Question without notice: Taxi licences & Ubers

Tuesday 21 September 2021


Ms ARMITAGE question to LEADER of the GOVERNMENT in the LEGISLATIVE COUNCIL, Mrs HISCUTT


Regarding the allocation and management of taxi licences in the state:


(1) Does the Government acknowledge there are marked differences between the regulatory requirements on rideshare operators (for example Uber) compared to taxis licensed in Tasmania?


(2) Can the Leader please advise the rationale behind the 24 taxi areas in this state?


(3) Would the Government consider amalgamating the 24 taxi areas into, for example, a south, north and north‑west scheme to minimise confusion and assist taxi drivers to operate?


(4) To put taxis and rideshare operators on a more even playing field, would the Government consider requiring rideshare operators to operate with similar limitations to taxi drivers, such as confinement to certain areas and other similar regulatory matters?


ANSWER


Mr President, I thank the member for her question.


(1) In October 2021, the Tasmanian Parliament passed the On-Demand Passenger Transport Services (Miscellaneous Amendments) Act 2020. The act, when fully implemented, provides consumers with choice and levels the playing field between rideshare such as Uber and taxi operators regarding regulatory requirements.


The act provides a modern equitable framework that enables the safe, competitive and accessible operation of the on‑demand passenger transport industry, including taxis and rideshare operators.
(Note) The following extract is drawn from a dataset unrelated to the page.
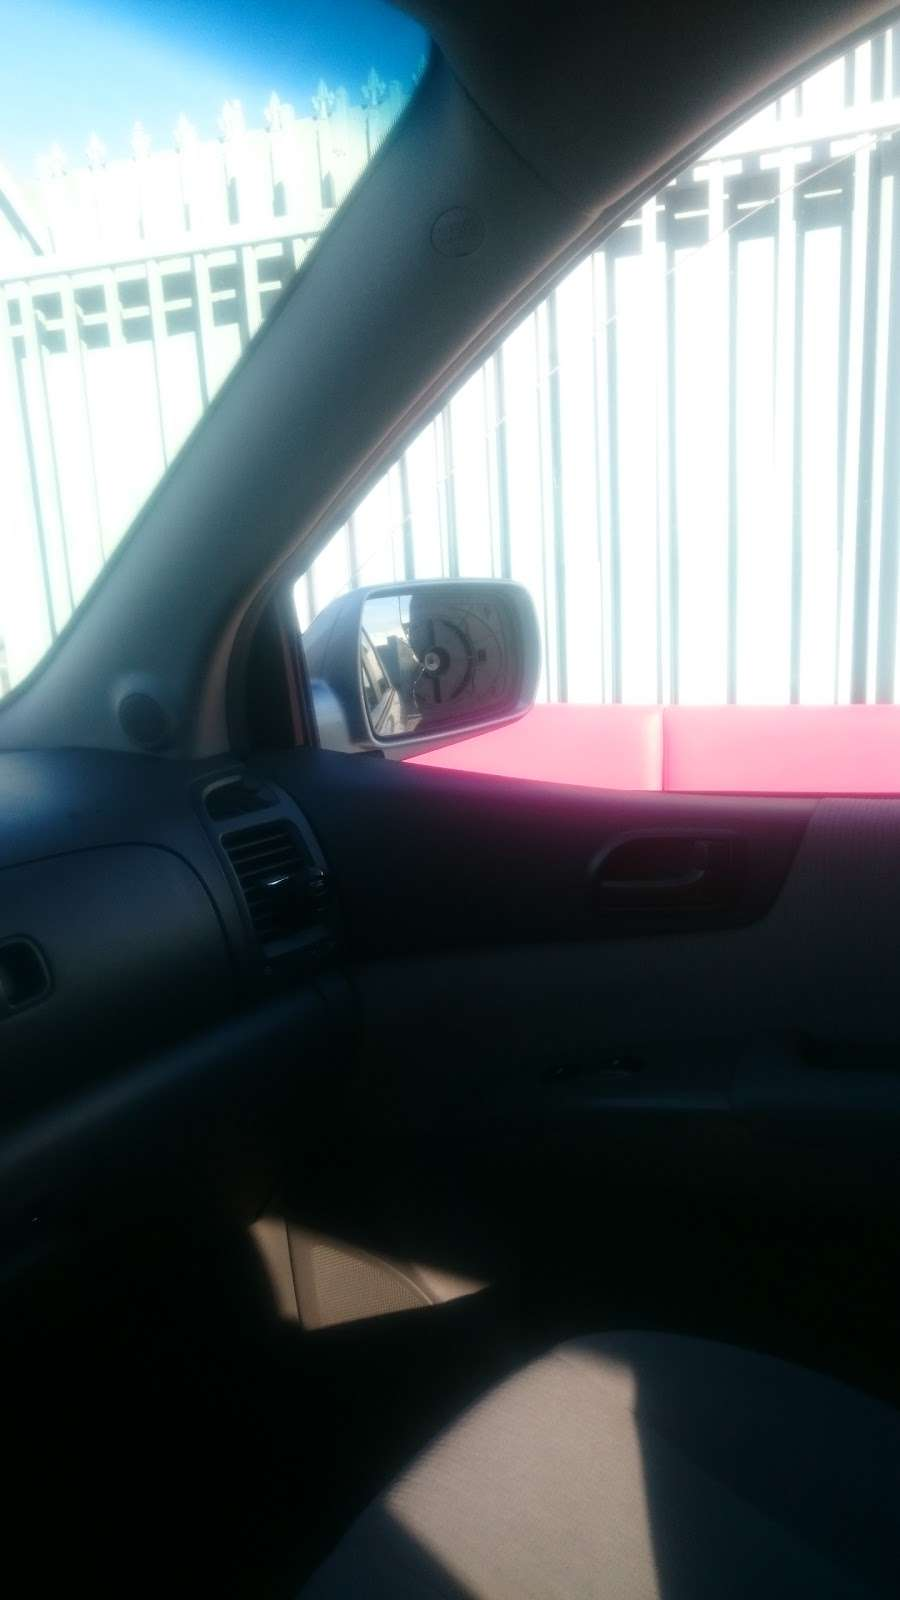 Michoacan Auto Glass - car repair  | Photo 9 of 9 | Address: 9405 Alameda St, Los Angeles, CA 90002, USA | Phone: (323) 567-1662
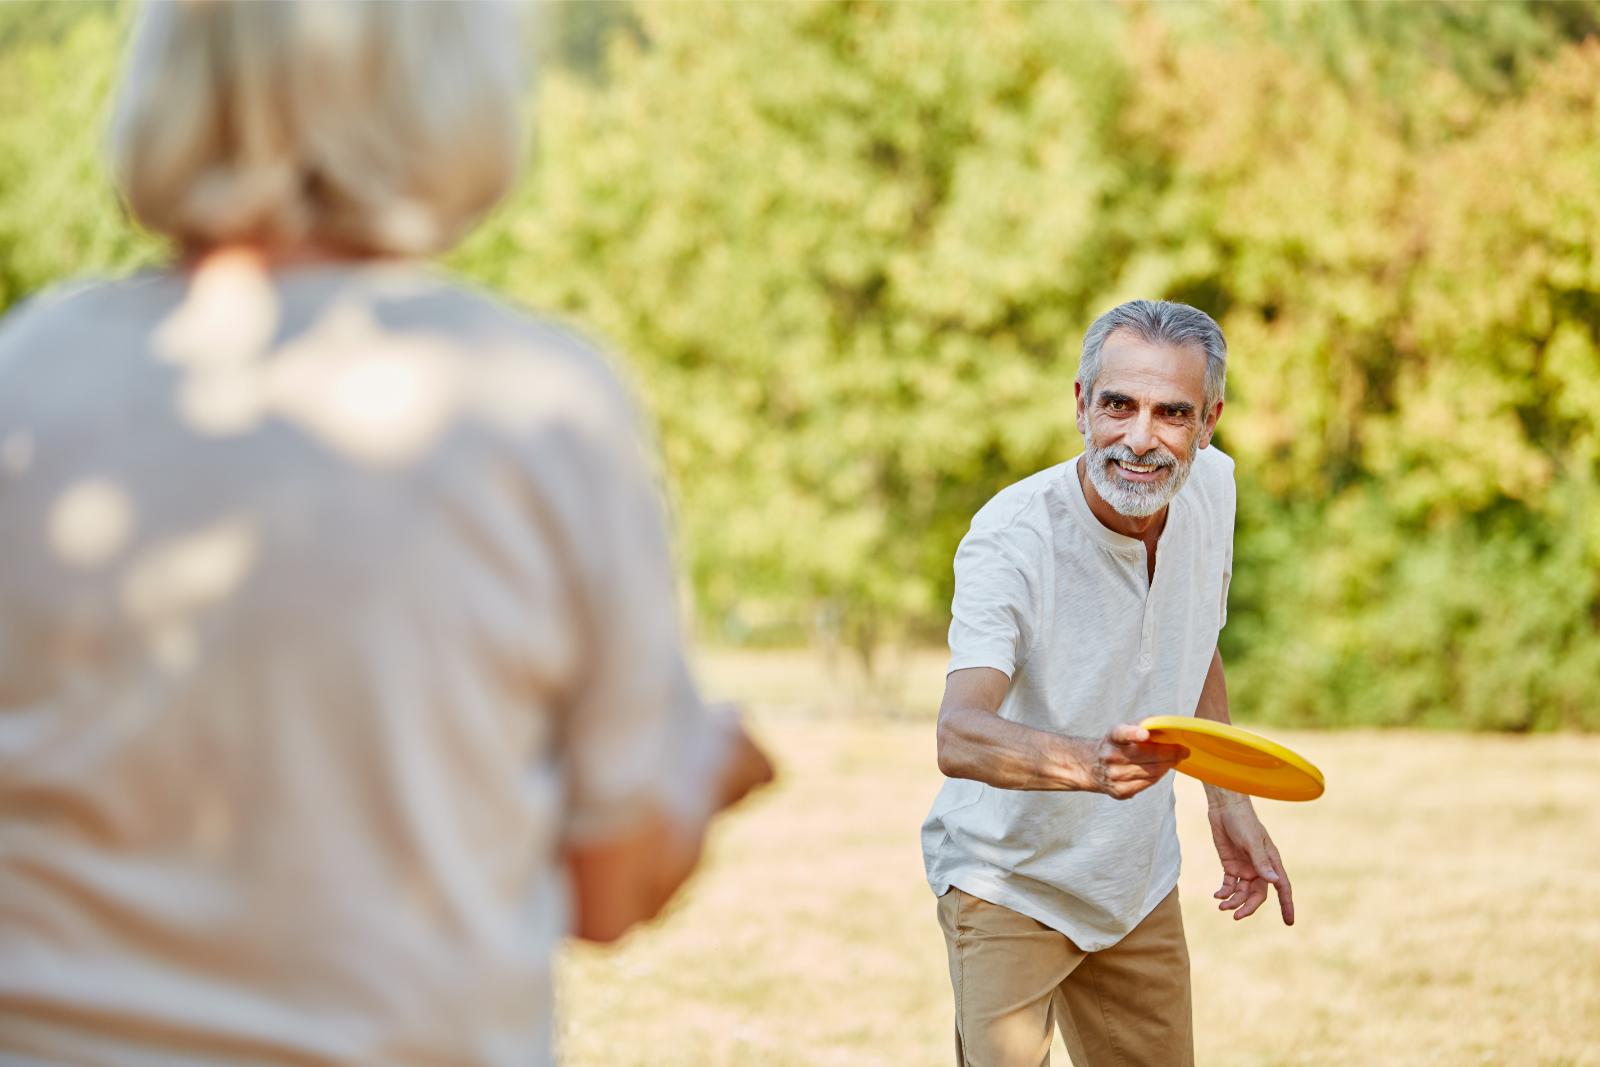 Fun Activities for Seniors to Keep Active

It enables the streamlining of regulatory arrangements and will see administrative costs that have historically only been associated with the taxi and hire vehicle industry shared across all operators.


(2) Separate taxi areas were established following the conversion of former cab licences to perpetual taxi licences in the 1990s, largely reflecting the operating area specified in those former licences. A small number of the former cab areas were amalgamated, resulting in the current 24 taxi areas.

The establishment of taxi areas was designed to ensure taxis were available in smaller regions, avoiding the situation where taxis would gravitate to areas of greater demand and licence purchase prices were established in consideration of that demand. Area restrictions are a relevant concern where there are limits on the issue of licences.


(3) and (4)


Some taxi operators suggest changed or amalgamated taxi areas; however, owner-operator taxi licences are valued differently in different taxi areas.


A Launceston owner-operator who, for example, has paid $35 000 for their licence, would argue against opening their area to an operator from a different zone such as Perth, who has paid $12 500 for their licence.


Three rounds of extensive consultation spanning 2016 to 2020 found, as a whole, the taxi industry overwhelmingly supported the retention of the existing taxi areas. The Government continues to be open to consolidating and amalgamating taxi areas and reducing regulatory burden. However, this will not occur without broad support from the taxi industry.


In the beginning of question (1), I said in October 2021 and it should be October 2020.